I dati del rapporto annuale Inps fotografano il cambiamento strutturale del comparto
Nei settori tradizionali calo del 14,3% in dieci anni
Pagina a cura di Sabrina Iadarola
Il lavoro del futuro? Meno dipendente, più autonomo e più intraprendente. Solo in alcuni paesi però, come il Regno Unito e la Francia che, stando ai dati Eurostat, hanno registrato nel periodo 2008-2017 un incremento di occupazione tra gli autonomi pari rispettivamente al 24,9% e 17,8%. In controtendenza invece l’Italia, dove i lavoratori autonomi sono diminuiti del 7,9%, pur essendo la quota italiana di autonomi, rispetto alla totalità degli occupati, tra le più alte in Europa: 21,9% a fronte di una media Ue pari al 14,5%. Numeri che trovano conferma nel XVII rapporto Inps, realizzato partendo dai dati amministrativi relativi agli iscritti alle Gestioni previdenziali dei Coltivatori diretti, Mezzadri e Coloni (Cdcm), Artigiani, Commercianti e alla Gestione separata dei parasubordinati (di cui sono considerati i soli collaboratori e professionisti esclusivi).
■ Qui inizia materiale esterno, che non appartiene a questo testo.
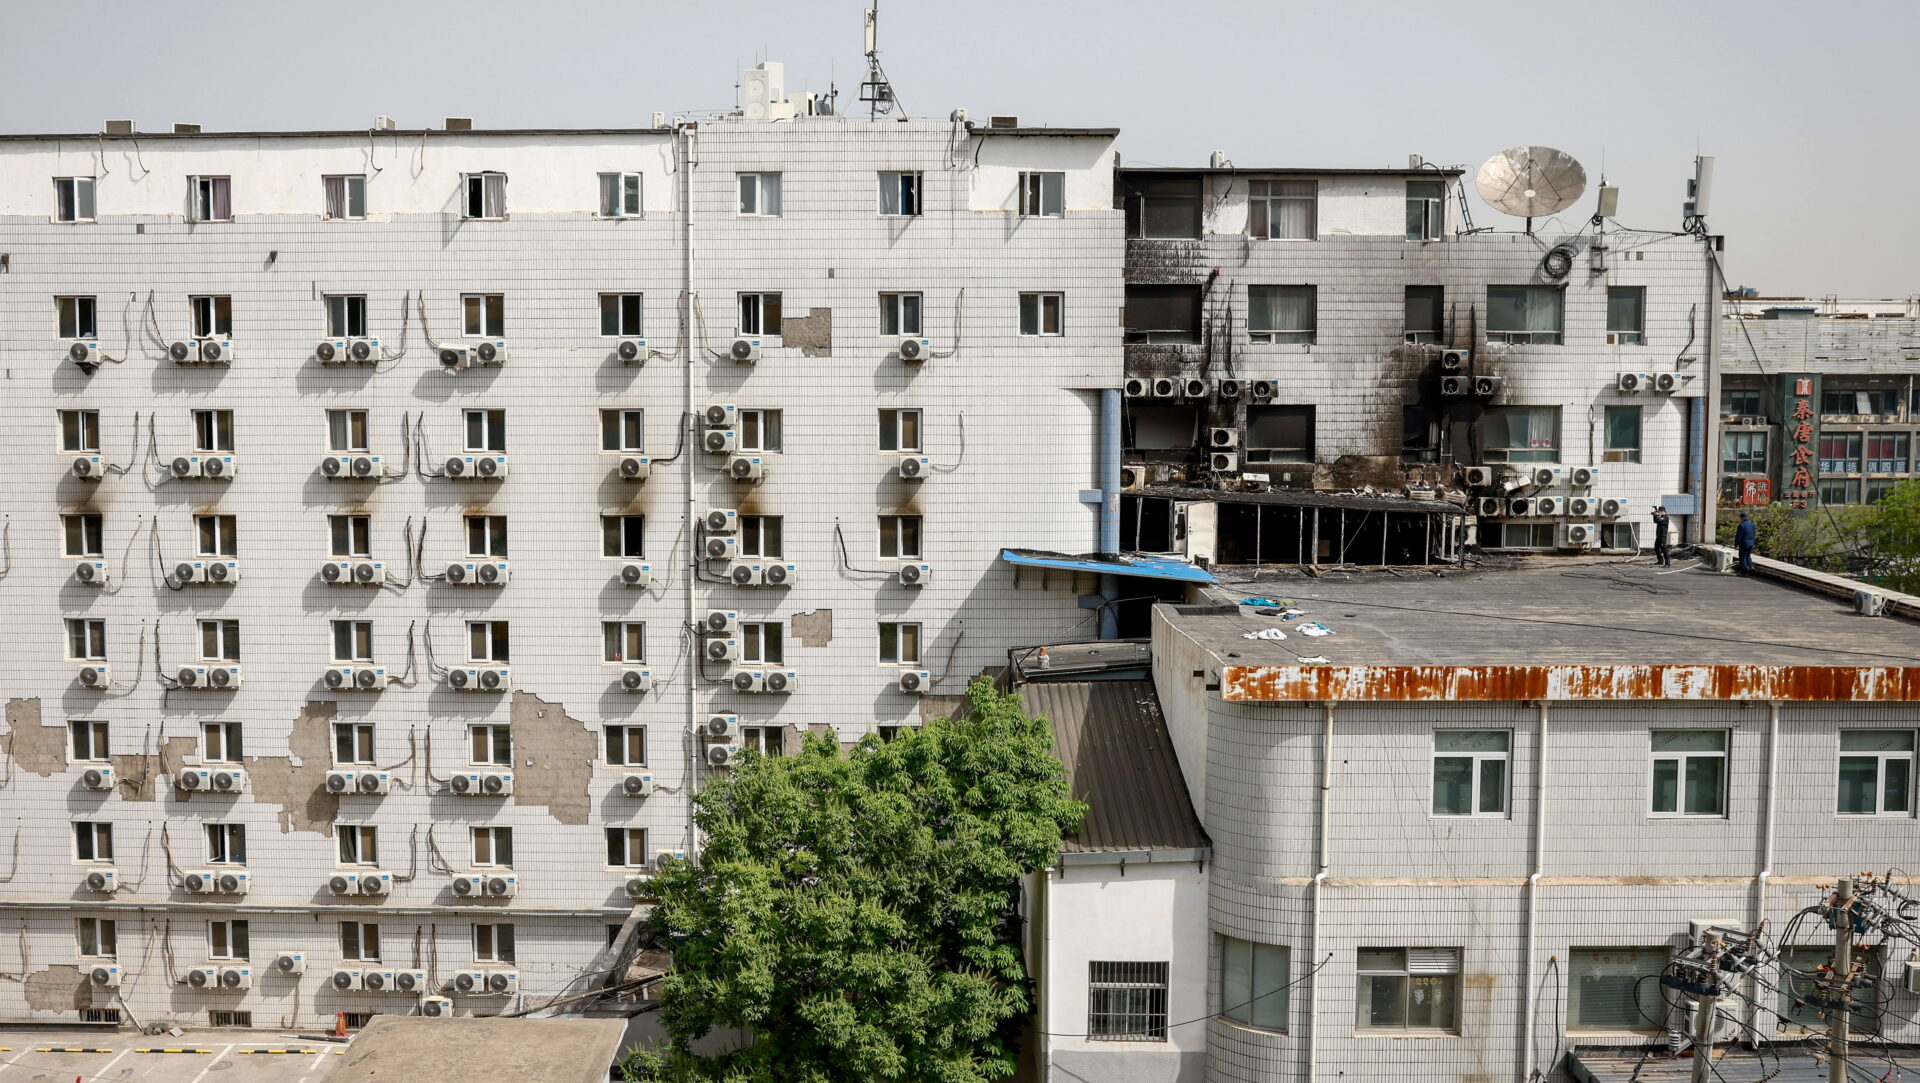 29 personas murieron en el incendio de un hospital en China; hay 12 detenidos

Ora, considerato che i dati Inps hanno un perimetro di definizione del lavoro autonomo differente da Eurostat, nel complesso, per l’anno 2017, gli autonomi, ovvero gli iscritti alle gestioni sopraindicate, sono nel nostro paese circa 5,1 milioni, diminuiti dal 2008 ad oggi di circa 847mila iscritti con una variazione percentuale pari a -14,3%.
La gestione che più di tutte evidenzia un andamento negativo è la Gestione separata: il saldo negativo è di 226 mila posizioni sia in conseguenza del progressivo aumento delle aliquote contributive (attualmente la percentuale per i collaboratori esclusivi è del 33%), sia le riforme del mercato del lavoro che hanno prima ridotto i margini di utilizzo del lavoro a progetto (legge 92/2012) e poi con il Jobs act ricondotto gran parte delle collaborazioni nell’alveo del lavoro subordinato.
A diminuire poi sono soprattutto i giovani autonomi: gli iscritti nella fascia di età «fino a 34» rilevata nella gestione artigiani scendono dal 21% a 12,8% e tra i commercianti dal 21,5% al 15,7%); un dato, sottolinea il rapporto, «che sembra espressione di una generale sofferenza del settore imputabile a politiche commerciali orientate alla grande distribuzione, difficoltà di accesso al credito e diffuso calo dei consumi che ha scoraggiato l’avvio di nuove attività artigianali e commerciali e, conseguentemente, le nuove iscrizioni alle gestioni Inps».
Ma al di là della panoramica numerica, ciò che preme rilevare a proposito di lavoro autonomo è il cambiamento «strutturale» che ha portato a contare meno lavoratori nei settori tradizionali e soprattutto un’esplosione di autonomi nei settori emergenti, dal lavoro su piattaforma alla gig economy (cioè a lavori gestiti attraverso piattaforme digitali, caratterizzate prevalentemente, ma non solo, da lavoro su richiesta e alta flessibilità). La condivisione di beni non utilizzati o comunque poco utilizzati è sempre esistita. Ma la novità è stata fare ad esempio della condivisione un’economia, quella che chiamiamo sharing economy, cioè la monetizzazione di risorse non utilizzate o sottoutilizzate. Se da Roma vado in automobile a vedere una mostra a Padova, posso «vendere» i posti vuoti offrendo dei passaggi a un costo contenuto. A livello imprenditoriale la sharing economy si è sviluppata grazie alle nuove tecnologie che permettono l’incontro tra offerta e domanda su larga scala, rendendolo facile, veloce, tracciato. La piattaforma digitale rende possibile l’incontro e guadagna nell’intermediazione. E il lavoratore non può che essere inquadrato come un autonomo. Si pensi per esempio a BlaBlaCar, che ha trasformato l’antica pratica del passaggio in una piattaforma di carpooling che mette in contatto autisti in viaggio con mezzo proprio e passeggeri alla ricerca di un trasporto privato lungo la medesima tratta e disposti a pagare. Diverso il caso di Uber che si sposta su chiamata. In questo caso si parla di gig economy in senso stretto, dove la parola «Gig» di importazione americana descrive un lavoretto o un incarico temporaneo.